Final answer:
The potential energy of repulsion per unit area Vr in the context of electric charges and fields is derived from the potential of a point charge V = kQ / r and integrated to obtain the potential energy U = kQq / r or related expressions in specific cases, such as van der Waals forces.
Step-by-step explanation:
The integration equation for potential energy of repulsion per unit area Vr involves the electric potential V of a point charge, which is given by the expression V = kQ / r, where k is Coulomb's constant, Q is the charge, and r is the distance from the charge. If we are considering the potential energy between two charges, we would use the formula U = kQq / r, where q is the second charge.

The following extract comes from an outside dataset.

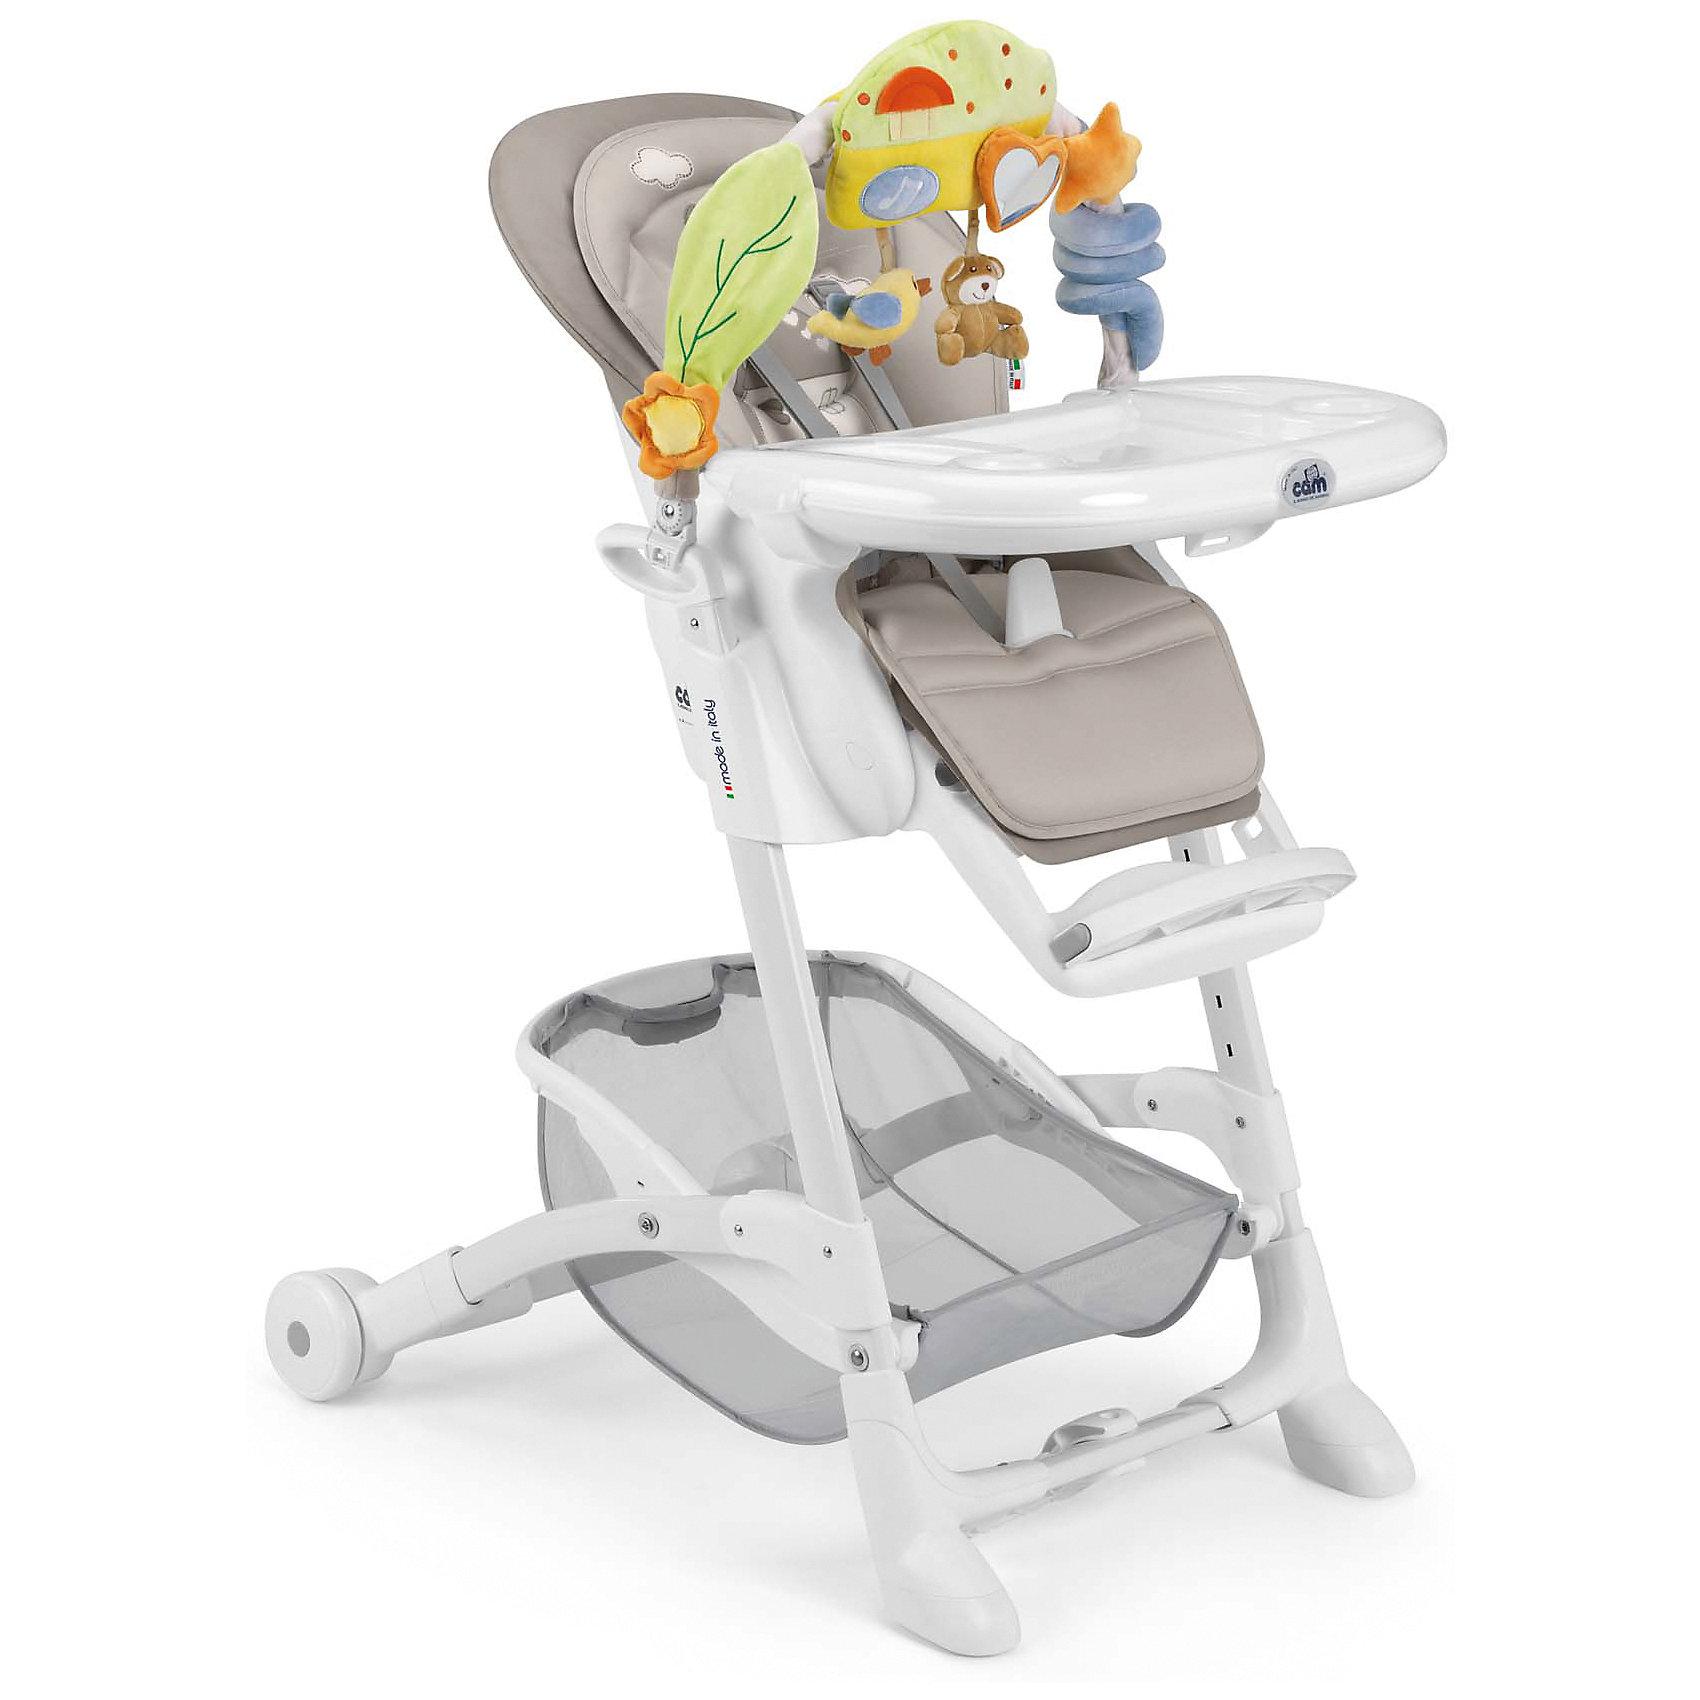 Стульчик для кормления Istante Домик, CAM, темно-серыйот рождения<br>Очень удобный и комфортный стульчик для кормления обязательно понравится малышам! Мягкое сиденье с регулируемой в пяти положениях спинкой, страховочными ремнями и удобным разделителем для ног обеспечит малышам комфорт и безопасность. Стульчик имеет колесики, облегчающие перемещение по квартире; удобную подставку для ножек ребенка; съемный стол можно мыть в посудомоечной машине. Стул выполнен в приятной цветовой гамме, изготовлен из высококачественных прочных и экологичных материалов. Передняя часть рамы снабжена нескользящими ножками, которые обеспечивают дополнительную безопасность. Под сиденьем располагается большая корзина для игрушек и вещей. <br><br>Дополнительная информация:<br><br>- Материал: пластик, металл, <br>- Размер: 80x65x105 см.<br>- Колесики.<br>- Вместительная корзина внизу. <br>- Нескользящие ножки.<br>- Регулируемый наклон спинки (5 положений, до положения лежа).<br>- Компактно складывается.<br>- Съемный стол (можно мыть в посудомоечной машине).<br>- Регулировка по высоте в 5 положениях. <br>- Регулируемая подножка.<br>- 5-ти точечные ремни безопасности.<br>- Чехол снимается и легко моется.<br><br>Стульчик для кормления Istante от CAM, голубой, можно купить в нашем магазине.<br><br>Ширина мм: 587<br>Глубина мм: 272<br>Высота мм: 970<br>Вес г: 12500<br>Возраст от месяцев: 0<br>Возраст до месяцев: 36<br>Пол: Унисекс<br>Возраст: Детский<br>SKU: 5545248

In the context of a uniform electric field E produced by a potential difference AV, the relationship between electric potential and electric field is given by the equation AV = VAB = E·d, where d is the distance over which the electric field is applied.
For special cases like the van der Waals potential or a wire-cylinder system, the potential energy equations might differ and involve more complex integrals. For instance, the van der Waals force can be found through a Taylor series expansion and then comparing with Hooke's law to approximate the force for small displacements near the equilibrium position r = Ro.
Integration is important in these contexts to derive expressions for forces, electric fields, and other related physical quantities. An integral solver can be used to perform these complex integrations, which are often encountered in advanced physics problems.